Duvall & Associates, Inc.
BUSINESS ADVISOR NEWSLETTER
 

Finer points on rental properties, tax law

- by Alan Duvall 

Published in Dayton Daily News January 22, 2006  

Shakespeare’s Juliet purred to Romeo, “What’s in a name?  That which we call a rose by any other word would smell as sweet.” 

When it comes to rental property, the IRS sometimes takes a different approach.

Federal tax law classifies real estate rental properties as either active or passive activities. Except for business self-rentals, which could go either way, depending on how much money they generate.

Rentals are classified as active if the owner performs extraordinary personal services with regard to the property.  Special rules for vacation rentals also exist.  Losses from active rentals are fully deductible.   

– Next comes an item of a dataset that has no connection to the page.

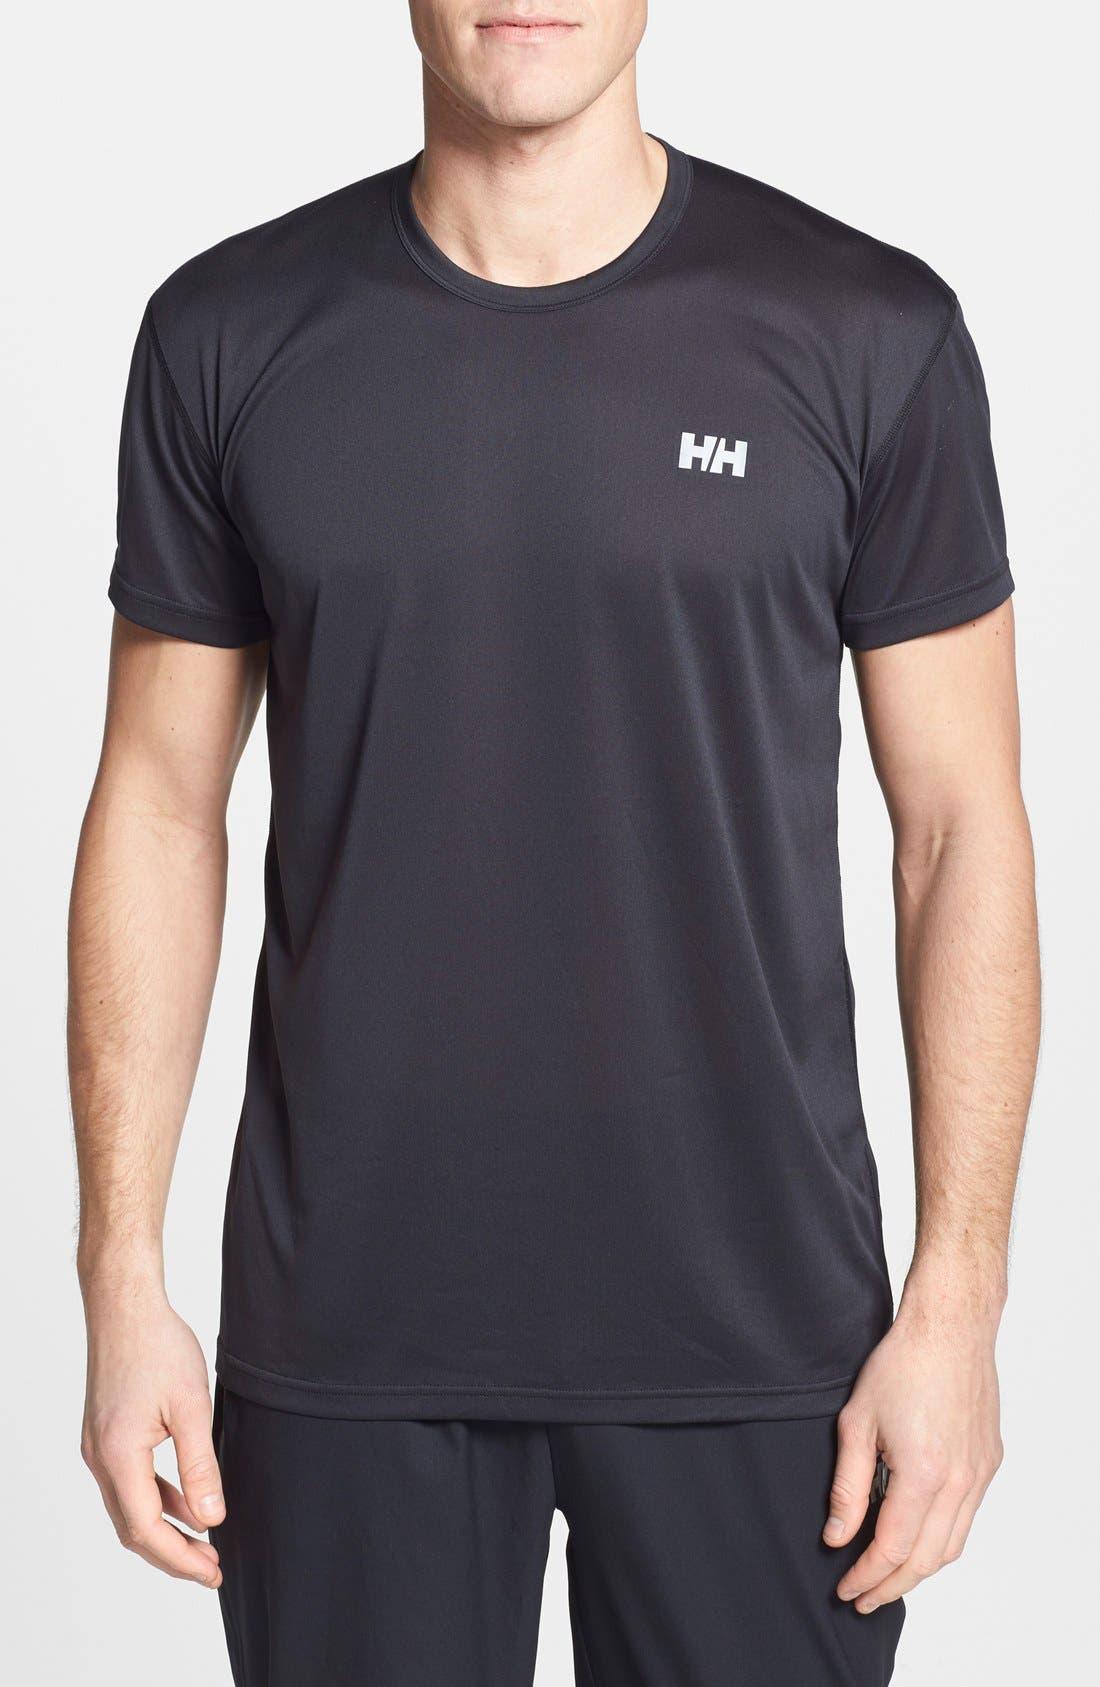 HELLY HANSEN 'VTR' Quick Dry T-Shirt, Main, color, 001

This stringent test throws most real estate rentals into the passive category.  The ability to deduct losses from passive rentals is very limited.   

If a taxpayer does not participate at all in the passive rental – losses can only be deducted against the income of other passive rentals.  Unused losses are carried forward to future years, deductible against passive incomes of other rentals or the subject property. 

If a taxpayer “actively” participates (a test less stringent than the above extraordinary service test) in a passive real estate rental, up to $25,000 losses can be annually deducted, so long as owner adjusted gross income (AGI) is less than $100,000.   If owner's AGI is more than $100,000 - deduction is further limited by a formula until zeroed out at $150,000. 

For legal purposes, business owners often place owned buildings in an entity separate from their business.  The building is then leased to the business. 

The IRS correctly concluded owners could potentially manipulate such self-rentals to create positive income that, if treated as passive, could be used to deduct otherwise limited passive losses.  So the IRS generally classifies such rental income as active. 

Enter Shakespeare’s rose test.  If the business self-rental yields net losses, the IRS may treat the rental as passive and so limits loss deduction. 

Self-rental tax savings may be tax killed either way.  Net income is active and taxed.  Net losses are passive with limited deduction. 

And if a self-rental building yields losses one year, income the next, then losses?  The IRS could treat the building as passive, active, passive in successive years.